Be sure to post details of what you uncover, to inform the rest of us.
You might also want to contact the Justice Department and ask them to investigate this as a fraud. One judge in Nevada (Jones) already tipped his hand in one case that the justice system is already investigating some cases for the purposes of filing criminal charges.
BTW, the foregoing is not legal advice. It’s just what I’d do.
From my research, what you don’t want to do is allege ANY KIND OF CONSPIRACIES because you will not be able to prove them. Anyone who has tried to launch one of these claims in the courts out west gets the Cervantes case thrown back at them … trust me, Judge Teilborg is not your friend. I would personally like to have him investigated to find out what kind of mortgage loan interest rate he’s getting.
On another note, depending on the state you are in, the “proper party” defense is your best bet according to the rules of procedure for the venue you are in. Also understand there are a host of U.S. Supreme Court cases you can use to demonstrate:
(1) A protected property right must have some ascertainable monetary value.
If the “lender” has dipped into a portfolio that was a “loser” and was bailed out and received money, that needs to be exposed and proven to the court through discovery … without delving into securitization.
(2) An entitlement to a procedure does not constitute a protected property interest.
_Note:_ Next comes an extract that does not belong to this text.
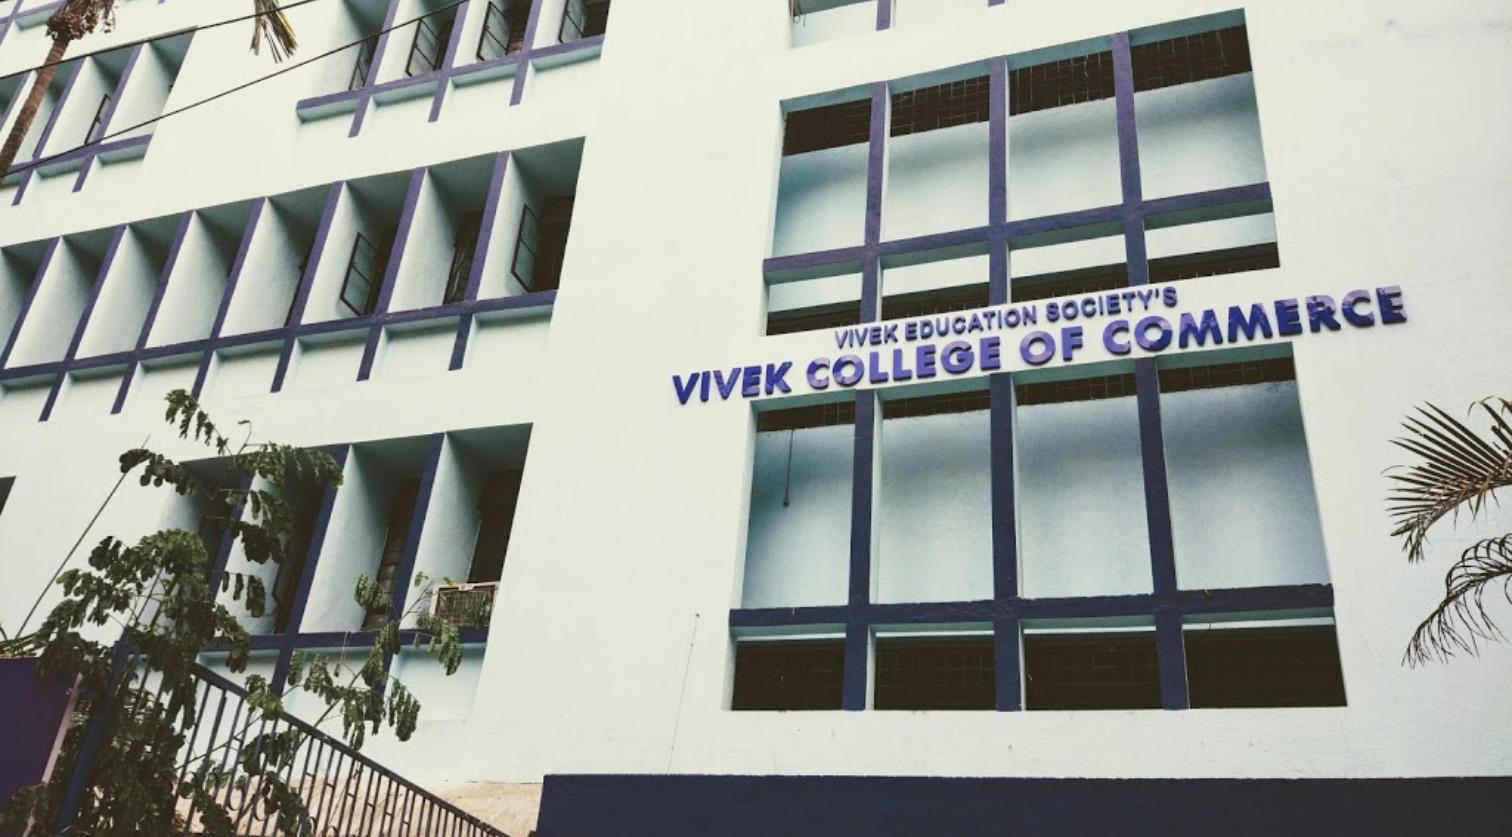 Vivek College of Commerce

Just because a servicing lender has the right to service an account doesn’t mean they fall under the protections afforded by the Due Process Clause or the litmus test afforded through Mortgages Restatement (Third).
I have a case in Kansas right now that is about to be dismissed because the lender cannot produce original paperwork. They will follow this up with a quiet title action and have the lender’s lien extinguished.
In your instance, you need to attack the trusts that hold this “note” and get the trustee to move forward and see what actual role he plays in it. If any BAC officer acting as trustee signed off on his duties and transferred his duties to a trustee of a portfolio, his protected interest ends. If the same trustee sold the note again, then that trustee is committing fraud because he is acting outside the scope and capacity of his duties as trustee.
Thus, you must depose the trust. You should not proceed pro se unless you have the cajones to deal with this from a legal capacity; if not, get an attorney who gets it. This is not something you pursue lightly.
From a paralegal/investigative reporter’s standpoint, you are better off having a focused ally nailing this fraud rather than trying to battle Wall Street yourself.